Medical Injection Molding




Medical Injection Molding Rapid Guide



Introduction to Injection Molding

Injection molding is a manufacturing technique where molten material is injected into a mold cavity under high pressure. After the material cools and solidifies, the mold opens to eject the molded part. This process is suitable for producing parts with complex shapes and high precision requirements, ideal for low-cost mass production.


The process is as follows

Mold cavity defines the shape of the part: The mold is a cavity or space with the desired shape of the part.

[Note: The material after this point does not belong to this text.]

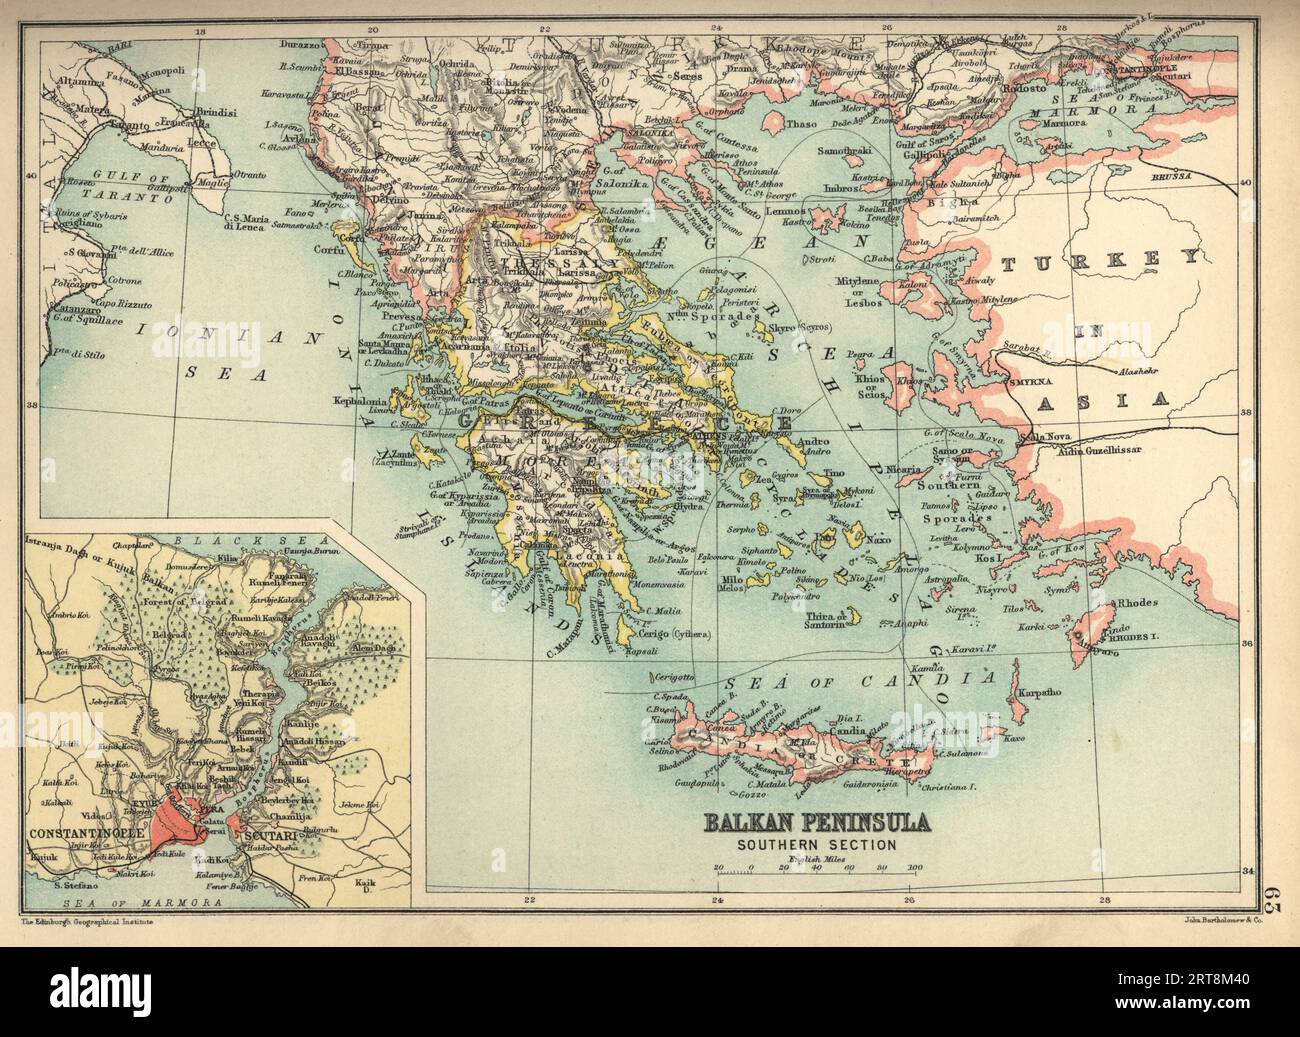 Antike Karte der Balkanhalbinsel, Südteil, mit Details über die Umgebung von Konstantinopel, Griechenland, Türkei, Kreta, 19. Jahrhundert, 1890er Jahre Stockfoto

Material (molten plastic) injected into the mold cavity: Molten plastic is injected into the mold cavity through a nozzle and under pressure.

Plastic cools and solidifies: Once the plastic enters the mold cavity, it rapidly cools and solidifies using the mold's cooling system, maintaining the required shape and structure.

Part ejected: After the plastic has fully cooled and solidified, the mold opens, allowing operators to remove or eject the molded part.

Process repeats: The entire process starts again with the injection of new molten plastic, continuing until the desired production quantity is achieved.


注塑


Material Selection


Mold Materials

The choice of mold materials depends on production volume, cost, and precision requirements.


  • Plastic Mold Steel

  • High-Speed Tool Steel

  • Hot Work Tool Steel

  • Cold Work Tool Steel


医疗模具制造.jpeg


Injection Molding Materials

All thermoplastics (polymers that soften when heated and harden when cooled) can be molded. Some silicones and thermosetting resins can also be molded.


  • Polypropylene (PP)

  • Polycarbonate (PC)

  • Polyetheretherketone (PEEK)

  • Polyethylene Terephthalate (PET) 


塑料原料 (3)


Advantages and disadvantages of injection molding


  • Suitable for high-volume production

  • Extremely fast part manufacturing speed

  • Can provide a variety of materials with different properties

  • Very low part cost in mass production

  • Excellent repeatability

  • High precision

  • Outstanding appearance

  • Capable of creating very complex geometries

  • Minimal or no additional surface finishing required

  • Low scrap rate


Disadvantages of injection molding

  • High tooling installation cost

  • Longer lead time compared to other processes

  • High cost of design modifications



Injection molding principle

零件解剖

Part analysis


  • Nominal wall thickness: General thickness of the main body part walls.

  • Parting line: Junction where different sections of the tool meet.

  • Gate: Point where plastic enters the mold cavity.

  • Ribs: Used to increase the stiffness of the part.

  • Fillet: Rounds corners to aid plastic flow.

  • Gusset: Reinforcement for a section, typically spanning a 90-degree angle between vertical and horizontal parts.


零件基础


Part Fundamentals


A part is created by two or more tools moving together to create a closed volume, into which plastic is injected under pressure.

In a 2 part tool the cavity (A) creates the quality outer surfaces and the core (B) creates inner details.

There are often extra “cores” sliding into the cavity to allow more complex parts.


进料


Raw plastic feeding

Raw plastic pellets are fed into the hopper. Within the hopper, these pellets are mixed with additives such as pigments and fillers like glass fibers to adjust the performance characteristics of the final part.


Plastic heating and melting

The material is then conveyed into the barrel of the injection molding machine. A rotating screw pushes the pellets towards the mold while compressing them. Friction generated by the rotation of the screw and heating units around the end of the barrel raises the temperature and melts the pellets.


Injection molding

Once there is sufficient melted plastic in front of the screw, the machine's ram moves forward, forcing the plastic through a nozzle into the mold cavity. Inside the mold cavity, the plastic cools and hardens, forming the final shape of the part.


射出

Ejection


Throughout the injection process the tools are clamped tightly together. Once the plastic has cooled sufficiently to maintain its shape the tool opens, usually by the core and part moving backwards away from the cavity.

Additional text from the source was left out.